Here’s when you can trust Zoom, and when you shouldn’t

[Photo: Chris Barbalis/Unsplash]

BY Glenn Fleishmanlong read

In the midst of global pandemic, the nine-year-old videoconferencing service Zoom skyrocketed into general awareness. “To zoom” is now a verb. But among its rise in stock and a twentyfold increase in usage between December 2019 and March 2020, with 200 million daily users now conducting meetings worldwide, a lot of other verbs have been used with less affection about the company’s software quality, installation methods, security, ties to China, and privacy policies and actions. At the same time, technologists have hailed the company’s ability to deliver reliable service despite the blistering increase in usage—a growth rate no Internet firm has ever had to contend with under normal circumstances—with the lion’s share producing no new revenue.

Tech companies have always had a way of snatching defeat from the jaws of victory, and Zoom appears to rest on a razor’s edge. At least a dozen bugs, design flaws, and other issues were exposed over just one week in late March, as Zoom faced increased scrutiny from security researchers and privacy advocates, not to mention an ever-increasing gimlet eye from regulators and elected officials.

In response, Zoom issued a flurry of updates and changes—and several apologies, which were absent from previous security flaws exposed in July 2019 and January 2020, even though those were repaired too. Fast Company’s Jared Newman has a rundown of the most serious remaining issues and challenges.

From Yuan’s earliest work, Zoom has focused its efforts on making sure video works in every circumstance.

The New York City Department of Education abruptly told principals on April 5 that Zoom wasnow off-limits to educators, because of security risks and the problems caused by “Zoombombing,” another new word for the coronavirus age. With Zoombombing, trolls and bigots join sessions via public meeting URLs or ones passed around in venues such as Discord and 4chan,  and bombard the session with pornography, expletives, white supremacist or anti-Semitic images or audio, and much more.

Internet culture, not Zoom, is arguably to blame for Zoombombing. One of my kid’s teachers was Microsoft Teamsbombed on Tuesday, for instance. However, Zoom’s initial choices and slow response to abusive participation is part of what fed the Zoombombing trash fire. Its CEO, Eric Yuan, told NPR on Wednesday that the mostly business-focused company hadn’t considered harassment as an issue until its explosive growth. “I never thought about this seriously,” he said.
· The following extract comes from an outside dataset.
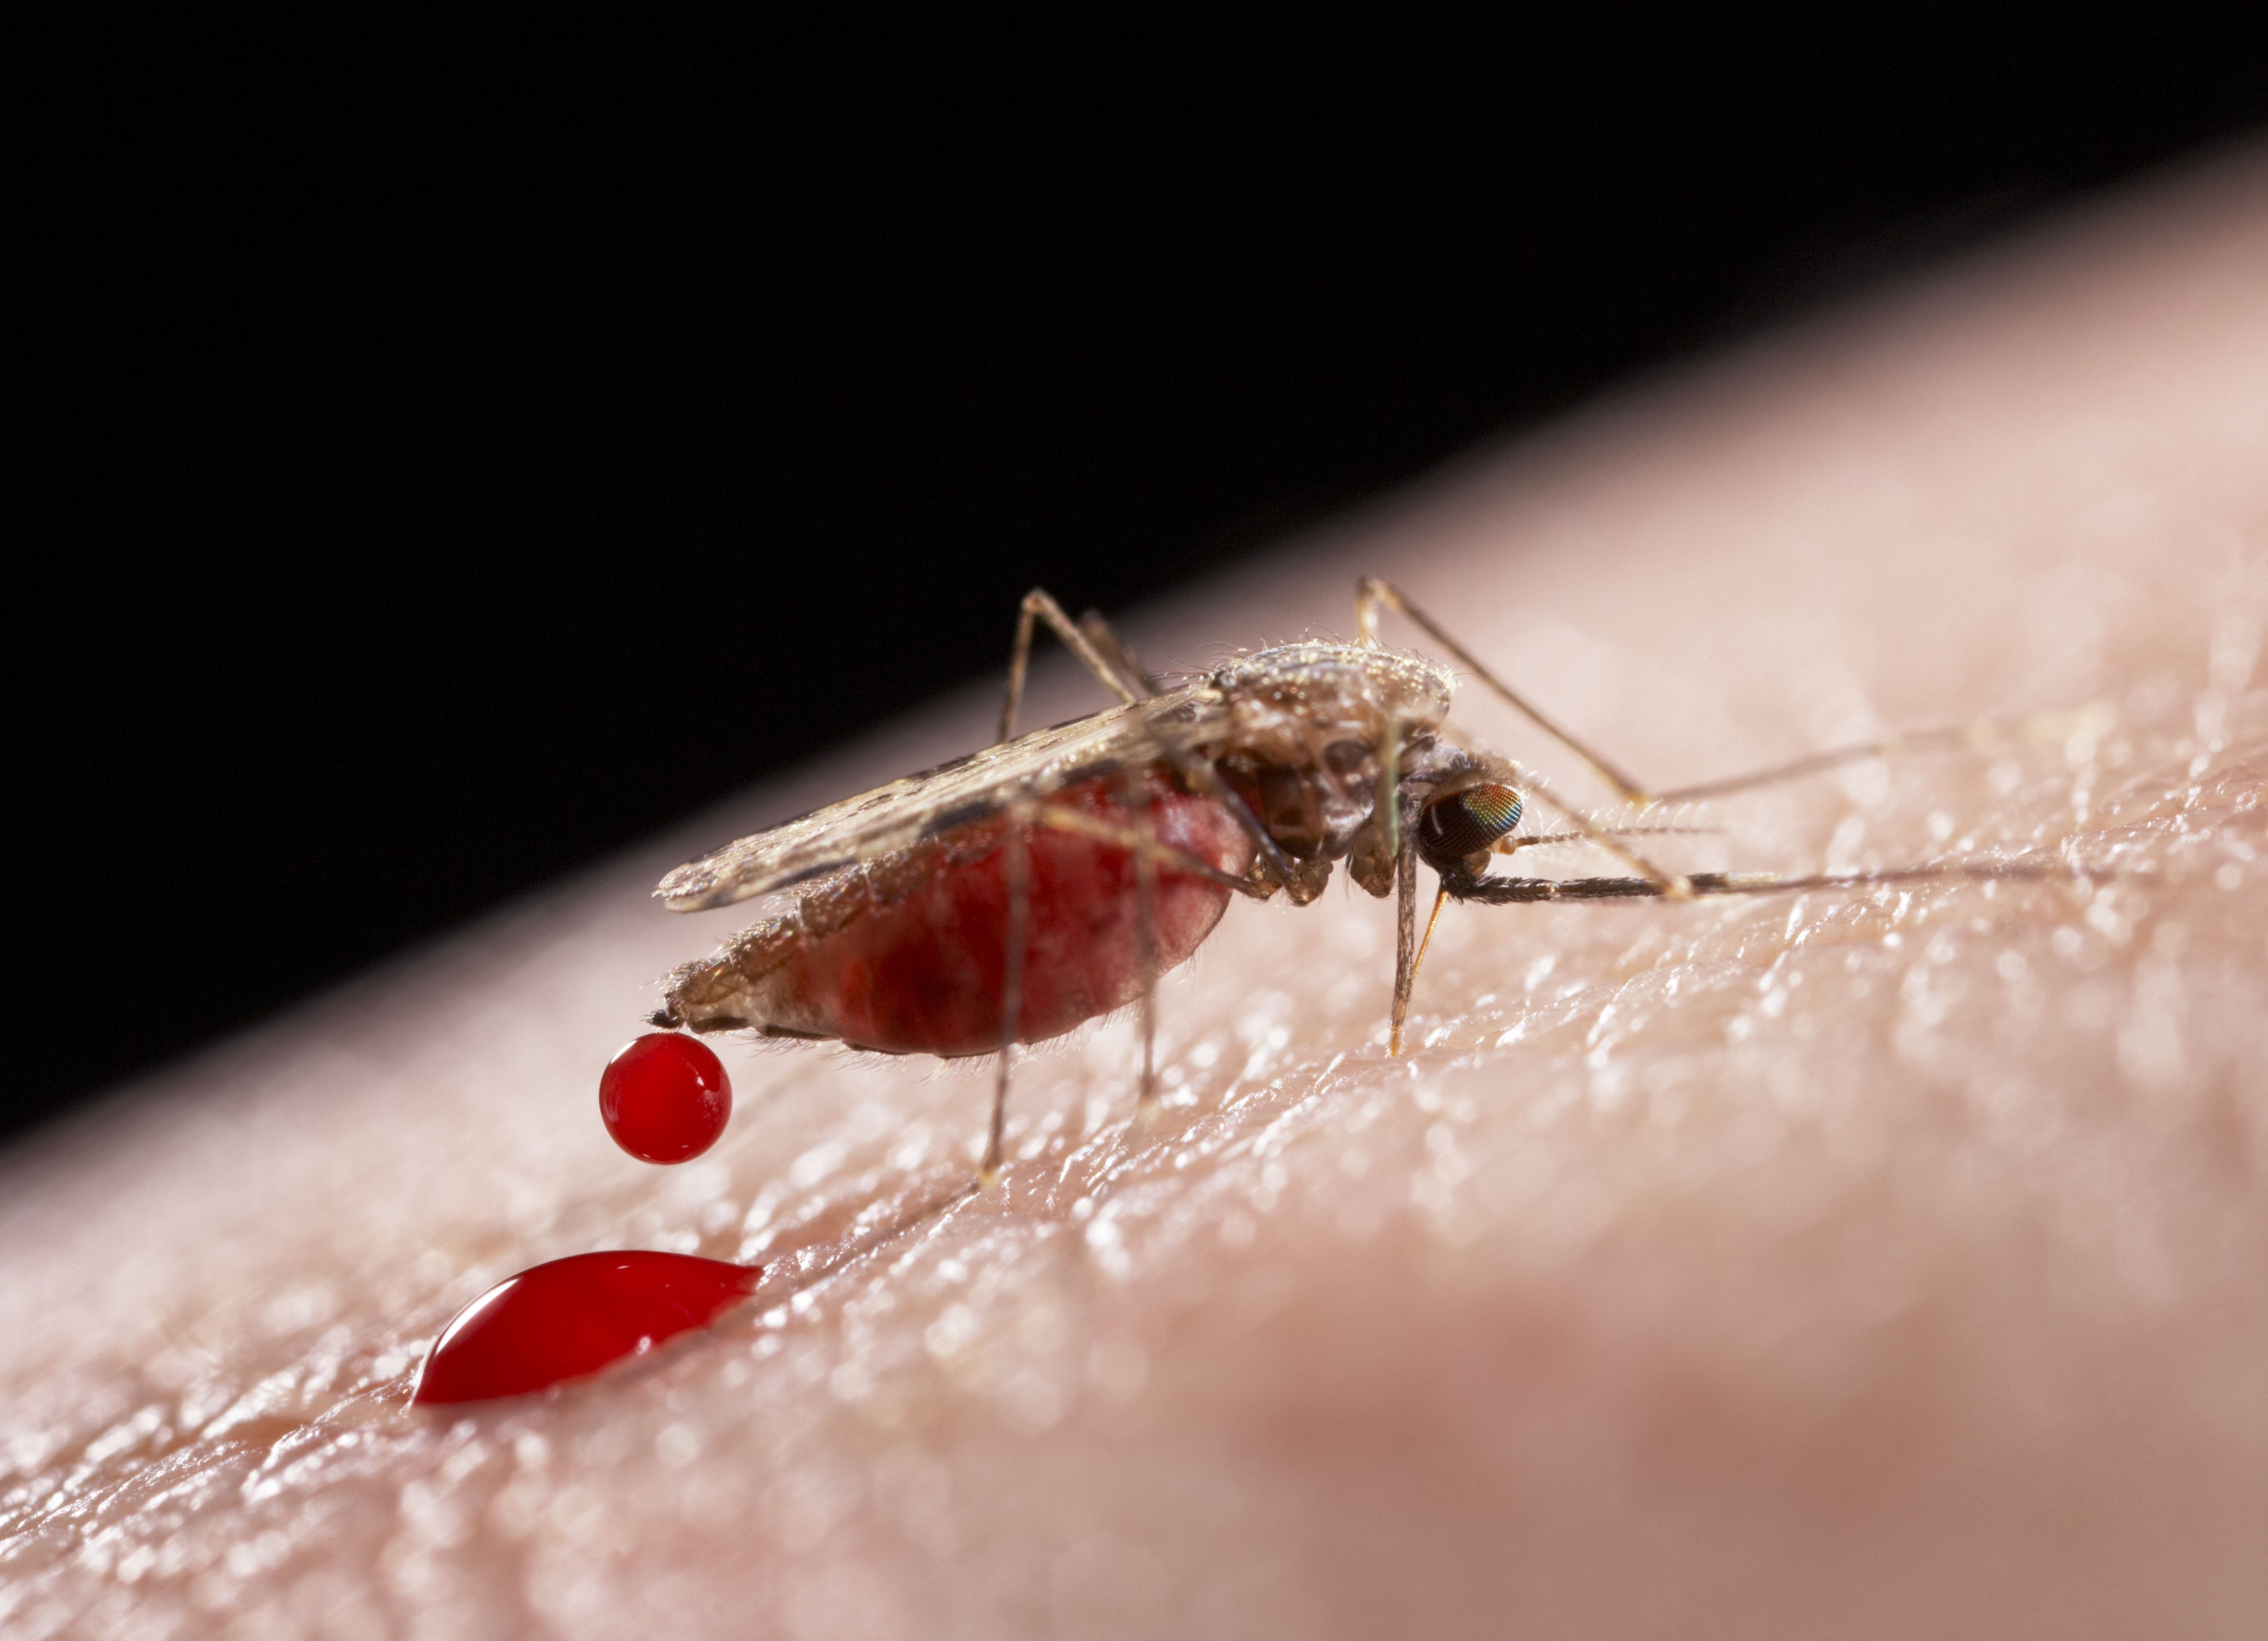 После малярии. Малярийный плазмодий комар. Укус малярии малярийный комар. Малярийный комар симптомы.

From Yuan’s earliest engineering work on Zoom, the company has focused its efforts on making sure video works in every circumstance, especially with mobile and low-bandwidth environments, says Janine Pelosi, Zoom’s chief marketing officer. Zoom hasn’t buckled under the strain of new users, and its architecture has made it resilient to high levels of use. But Pelosi adds that the company is working rapidly to reset and shift to deal with the flood of users who have no technical resources and don’t come from a place where corporate security practices predominate. “People weren’t putting their meeting IDs in Twitter before this,” she notes.
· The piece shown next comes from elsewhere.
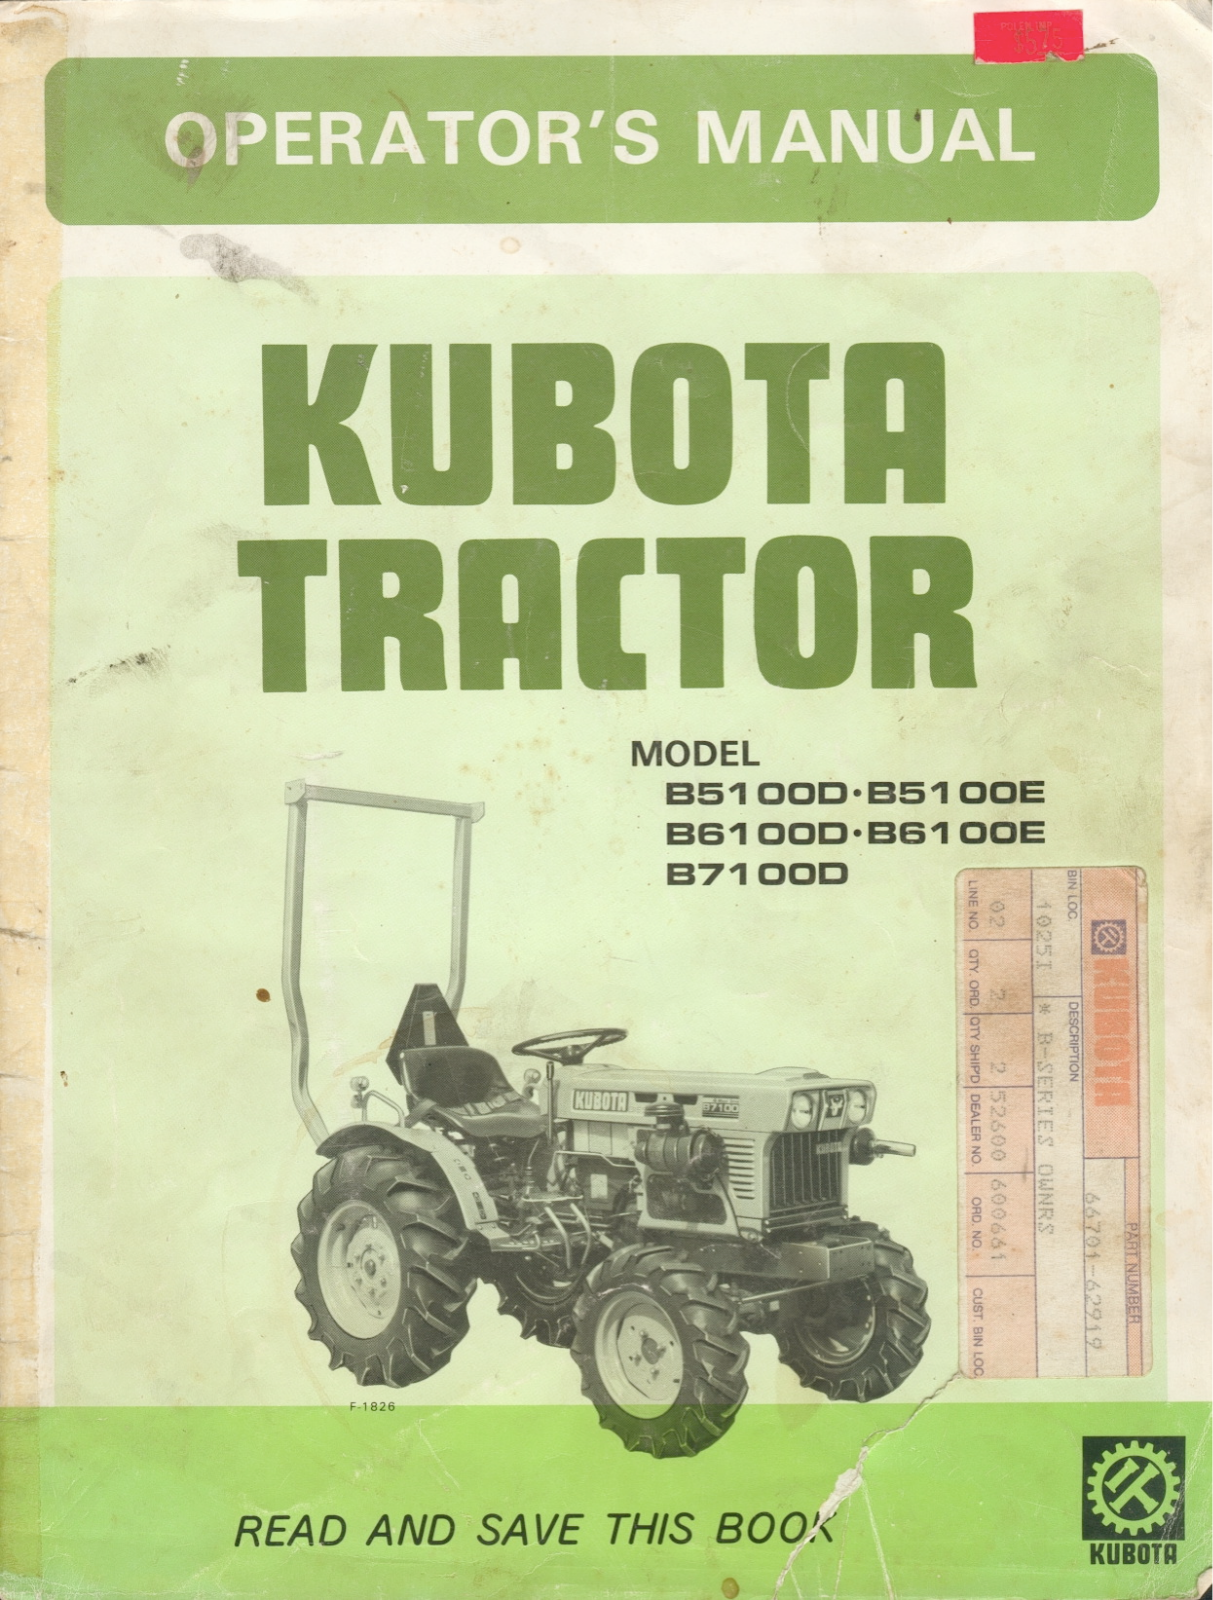 Kubota B5100D-E, B6100D-E, B7100D Operators Manual

Related: Forget Facebook: Zoom is the tech industry’s newest problem child


Zoom has shown its commitment by rapidly overhauling security settings, including making passwords mandatory on free and single-user paid accounts and adding a Security button in its app just days ago that consolidated a number of options to help control public meetings and adding new ones.
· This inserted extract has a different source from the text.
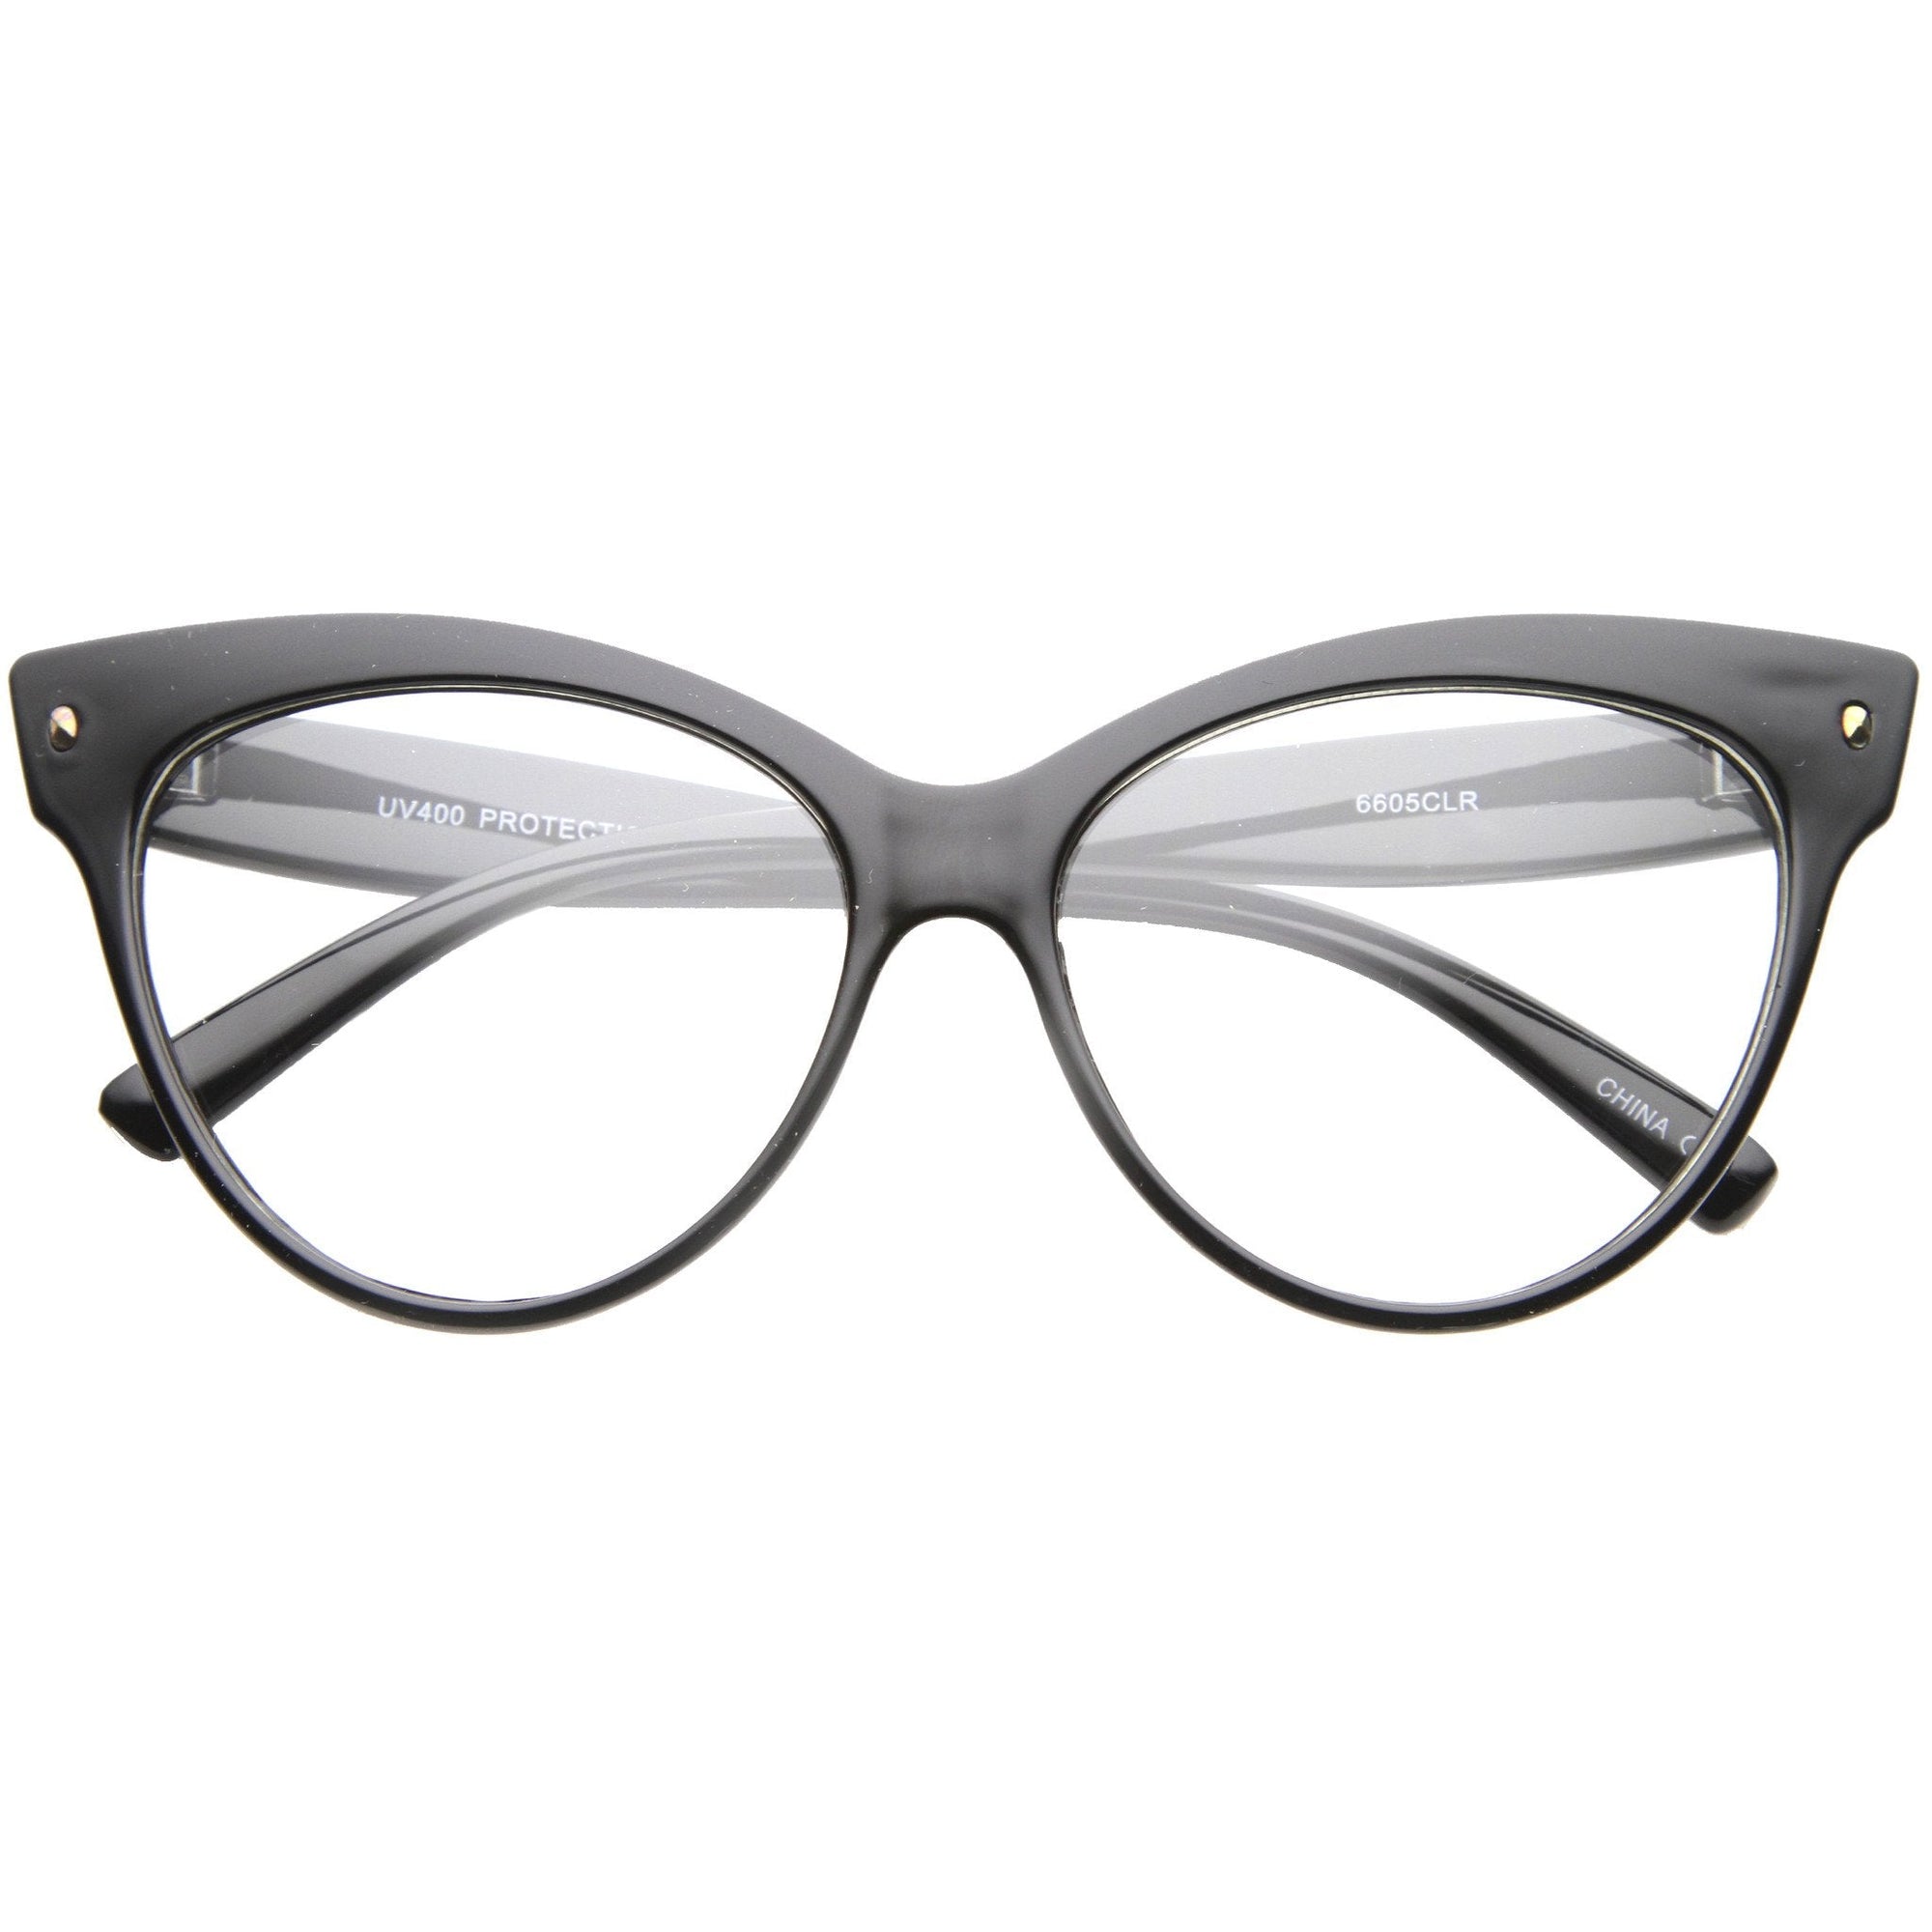 Gafas retro con lentes transparentes estilo ojo de gato de los años 50 para mujer A099

The question still arises, though: Have Zoom’s sloppy work outside of video dependability, bad choices, weak disclosure, and resistance to acknowledge flaws in its approach up until several days ago endangered its future even as it’s accumulated massive numbers of new free and paid users? Will existing alternatives, such as Cisco’s Webex (with substantially the same features) or Microsoft Teams (already in wide use in business and education), start to absorb the user base?

Noted security expert Bruce Schneier wrote recently, in a blog post about Zoom security risks and encryption models, “you should either lock Zoom down as best you can, or—better yet—abandon the platform altogether” until it’s verified that Zoom has overhauled its encryption and security model.

That may be impossible for tens of millions of people whose work, government branch, or school has picked Zoom as their platform.

Can you trust Zoom the company? And can you configure the Zoom service and software to fit your comfort level? The answers require both some understanding of Zoom’s security issues and an analysis of your company’s needs.

What’s at risk

When it comes to trust, the main issue should be whether you can use Zoom without fear of disclosure of your chats, audio, and video from meetings, both while those sessions are in progress and after the fact, by having the data intercepted and decrypted or through recordings being accessible to unwanted parties later.

Zoom’s current encryption architecture makes those concerns valid, even if the risk is low for most users. The company claims that it uses end-to-end (E2E) encryption to protect meetings, but a report from Citizen Lab, reporting by The Intercept, and Zoom’s response on its blog make it clear that the system doesn’t meet a well-accepted definition of E2E. Zoom CMO Pelosi says, “There was a combination of semantics and us not being as clear as we could have been about how encryption was really run.”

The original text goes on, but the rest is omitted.